I had been invited to attend a big women’s meeting in a nearby district. It was being held in one of the village bigwig’s courtyards, so we got to spend the day inside the compound, dodging chickens and trying not to lean on the cow pattie-covered walls. We all tried not to drink too much to avoid unnecessary bathroom breaks, but since it really was an all-day event, sooner or later, we all broke.

When my bladder finally got the best of me, I went to one of the soldiers who had I had seen wandering off before and asked where the bathroom was.

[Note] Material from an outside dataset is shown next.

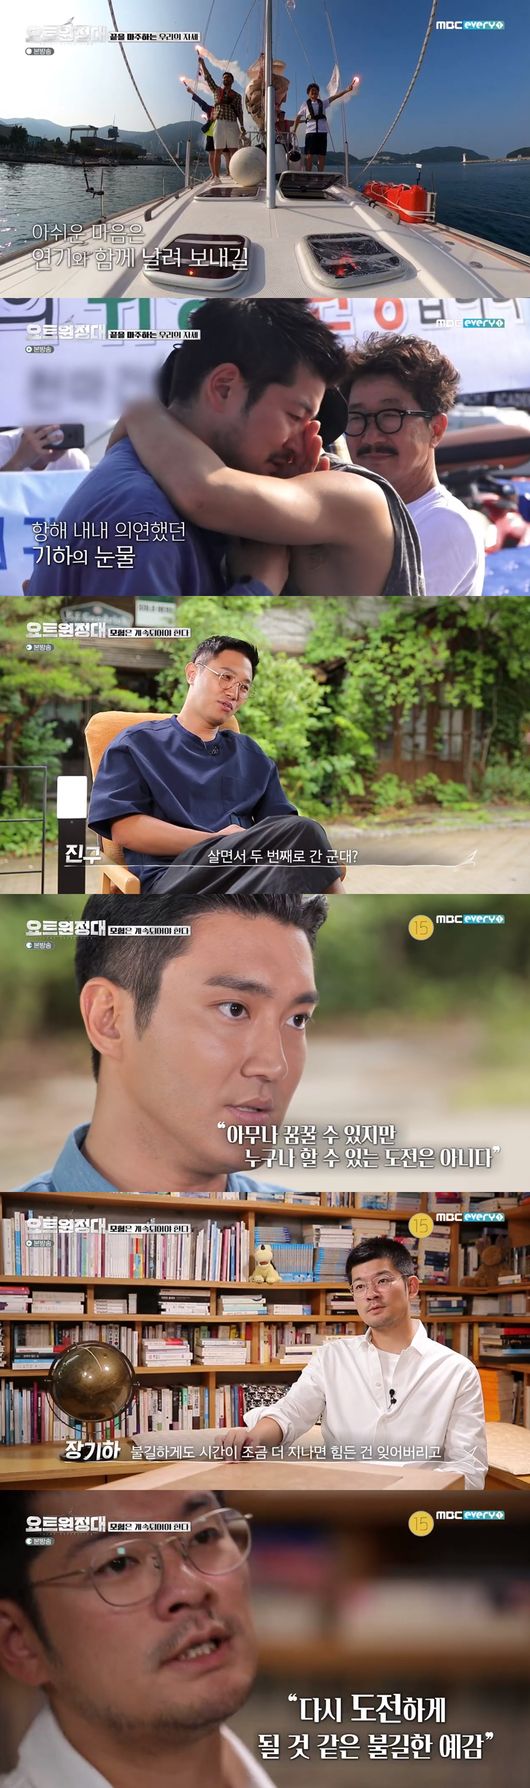 Jin Goo, Choi Siwon, Chang Kiha and Song Ho-joon finished their yacht trip and returned home.In MBC Everlon yacht Expedition broadcasted on the 19th, Jin Goo, Chang Kiha, Choi Siwon and Song Ho Joon spent the last night of the trip and bloomed the story.Earlier, Song Ho-joons birthday party was held on the same day. Captain Kim Seung-jin boiled seaweed soup for Song Ho-joons birthday and carefully prepared duck bulgogi.The crew sang a birthday party song for Song Ho-joon before the meal.Kim Seung-jin said, I made it with all the beef in it. The crew enjoyed the meal deliciously. When Choi Siwon turned it off, he suddenly got up.Choi Siwon went into the room and brought out a gift: Choi Siwon impressed by offering her a gift, saying, Its not a big deal, but happy birthday.Song Ho-joon said, The beef seaweed soup and duck bulgogi were the first celebrations. I had an unforgettable birthday.I think I have changed my mind how to live. The men were on the road to the next, and the men moved to the rubber boat to get inside the property, which they admired in the clear waters that were clear enough to see the floor.The crews gathered on the bonfire and sat together for the final night; Kim Seung-jin asked, How are the differences before and after the yacht trip?The first day was really sick, its still memorable - it was really hard, Choi Siwon said.Chang Kiha said: I am so sorry to the captain, but frankly, I do not have Feelings who have become close to yacht. I still do not know how to operate yacht.I thought I was the only one. Chang Kiha said, I reaffirmed that I am a very short person.I thought that this shortage could be lived without difficulty if I lived with others. On the other hand, I am fortunate.Jin Goo said, I think everyone can ride, but I can not ride anyone.Song Ho-joon said, The key to this trip is that we were worried about each other and relied on each other. Kim Seung-jin said, The first and the end of the voyage are the most important.We will sail tomorrow, but lets make it safe. Meanwhile, the expedition crew returned to Geoje Island safely. Chang Kiha showed tears as the ship docked.Its the second Army-like Feelings to live, Jin Goo said in an interview with the production team. For a man, Army does not want to go back, but its a place to go once.Anyone can dream, but not everyone can, Choi Siwon said.Chang Kiha said, I think I will forget all the hard things after a while, and I am caught up in the ominous sense that I will challenge again after time.: MBC Everlon yacht Expedition broadcast capture

She giggled a little ominously and said when she had asked, the owners had told her it was up in the main bedroom, in the back left corner.

The “master bedroom” was on the second floor, such as it was. I balanced my way up the less-than-stable stairs that had no railing and ducked into the room.

(The Master Bedroom doorway is on the top left. Can you spot the Stairs, the Cow Patties, and the Cow?)

The one window in the thick mud-brick wall was covered, so it was dark, but I could make out some decorations made of beads on the walls (including one of a bright yellow helicopter) and some worn-out mats and pillows on the floor that made up a bed. The only other thing in the room, in the noted corner, was a 2 foot x 2 foot x 2 inches flat stone sitting on the floor. Next to it was a bucket of water.

Now, there were no holes in the stone, no indent or slope for liquid to run off, no towels or toilet paper, definitely no sink with anti-bacterial soap. Just a rock with some water to rinse off with. It was, not surprisingly, a bit slick. Happily, I always travel with my own tissues and hand sanitizer, but it was interesting coming face to face with the toilet that all the women used that day, many without the benefit of the sanitizer. The fact that we were about to share a meal off a communal plate where everyone eats with their hands made for a rather unappetizing thought.

In the end, I was just happy I managed not to slip, and I returned downstairs and ate just enough of the meal to be polite. Deploying can make a great weight-loss program. Just be sure to thank the next plumber you see.